[INFORMATION PROVIDED]:
═══
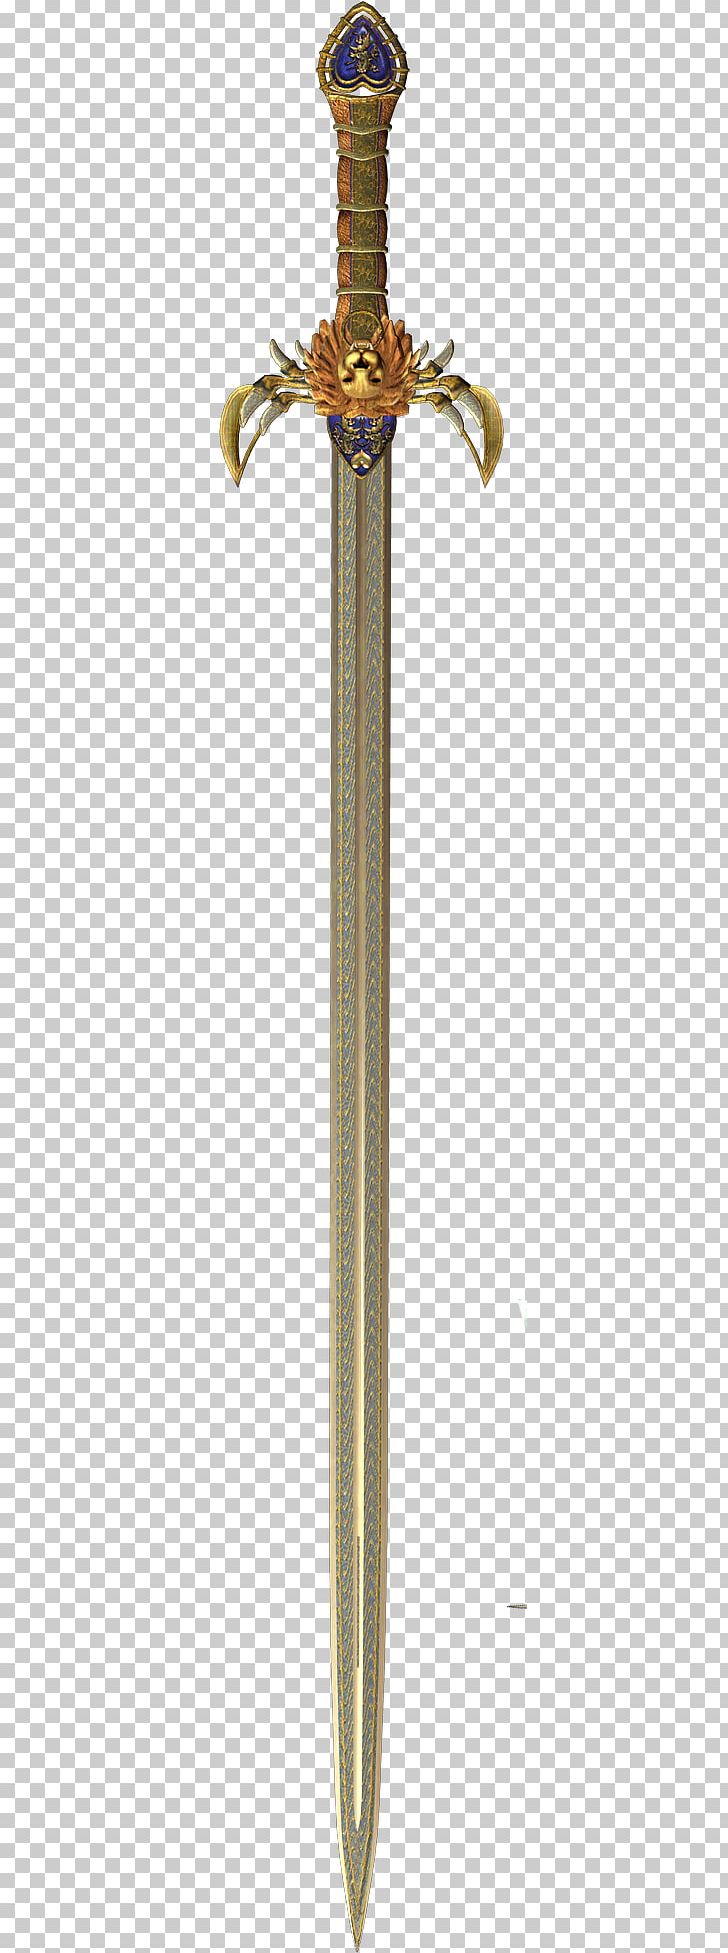 Sabre Sword Weapon Dagger PNG, Clipart, Brass, Christmas Decoration, Cold Weapon, Dagger, Decor Free PNG Download
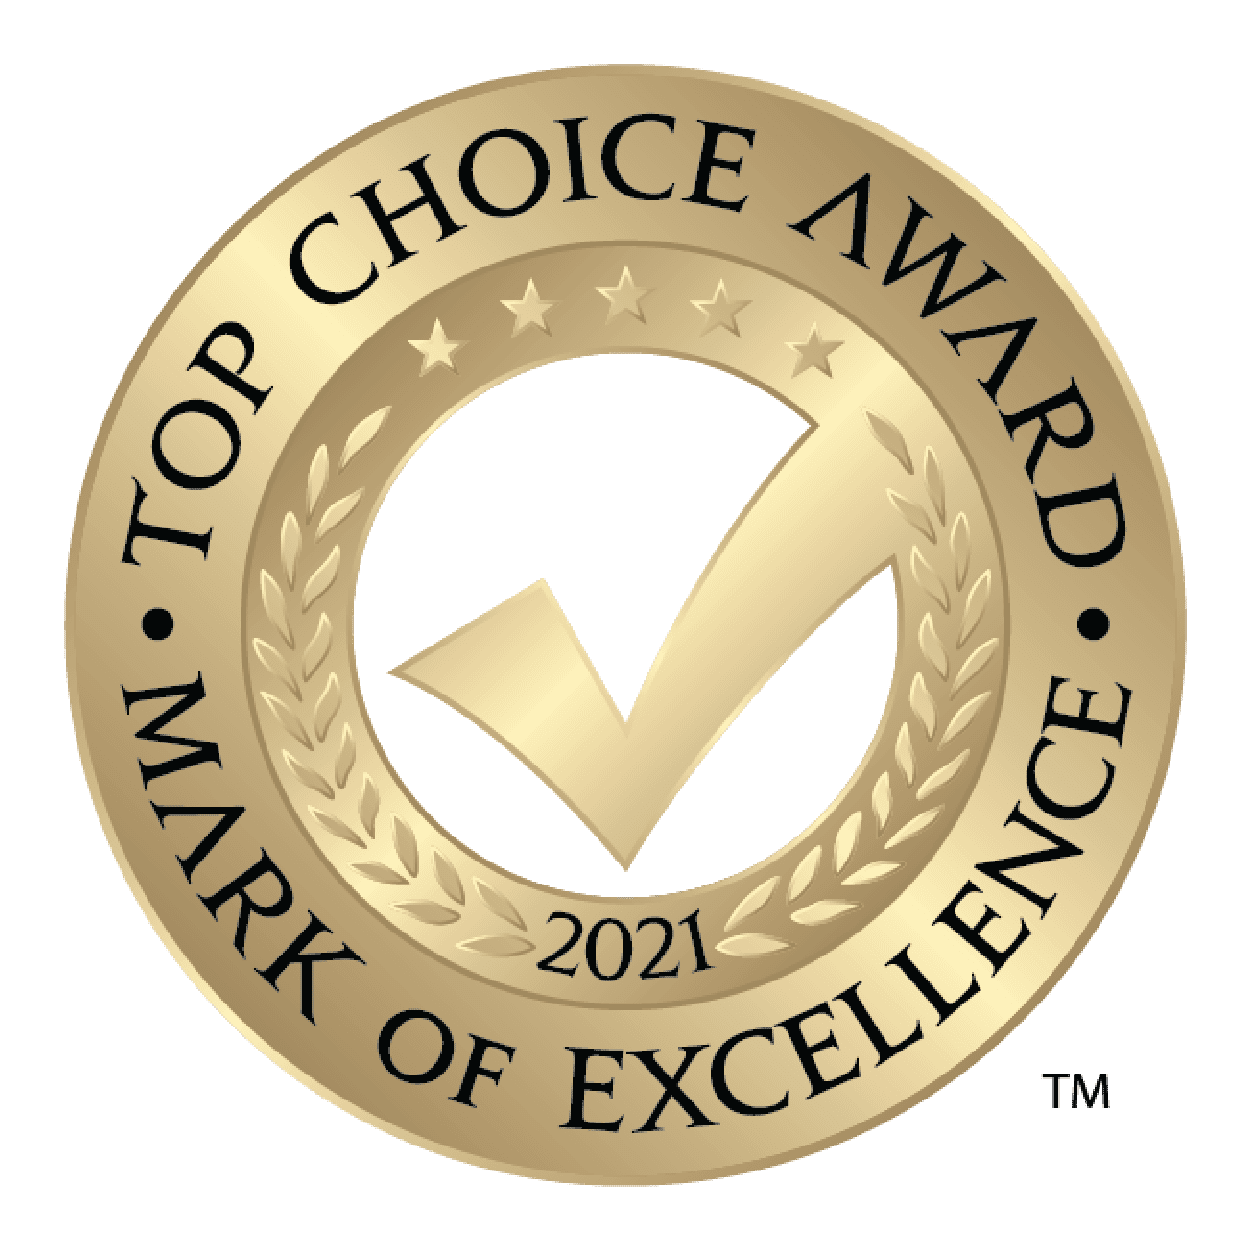 Top Choice Childcare in the GTA Award 2021
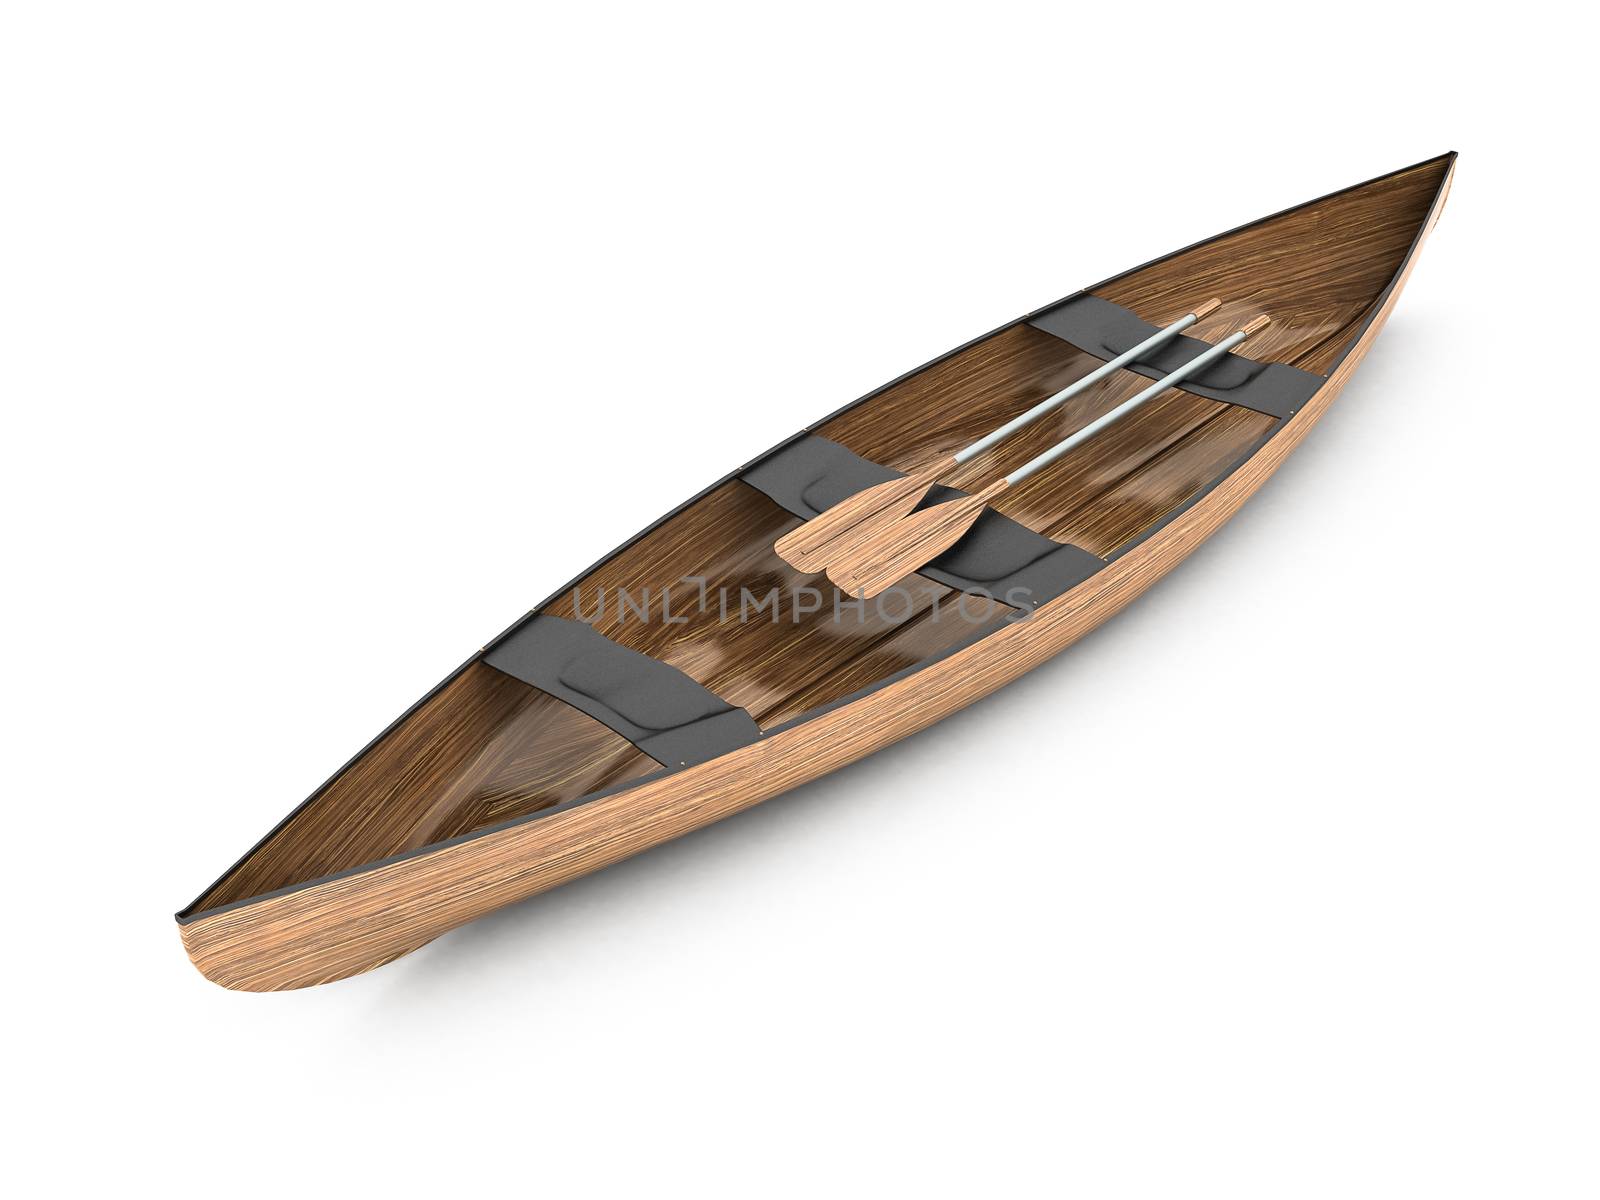 Wooden boat canoe isolated on a white background
═══
Print the data above exactly; drop every picture.

 Sabre Sword Weapon Dagger PNG, Clipart, Brass, Christmas Decoration, Cold Weapon, Dagger, Decor Free PNG Download
 Top Choice Childcare in the GTA Award 2021
 Wooden boat canoe isolated on a white background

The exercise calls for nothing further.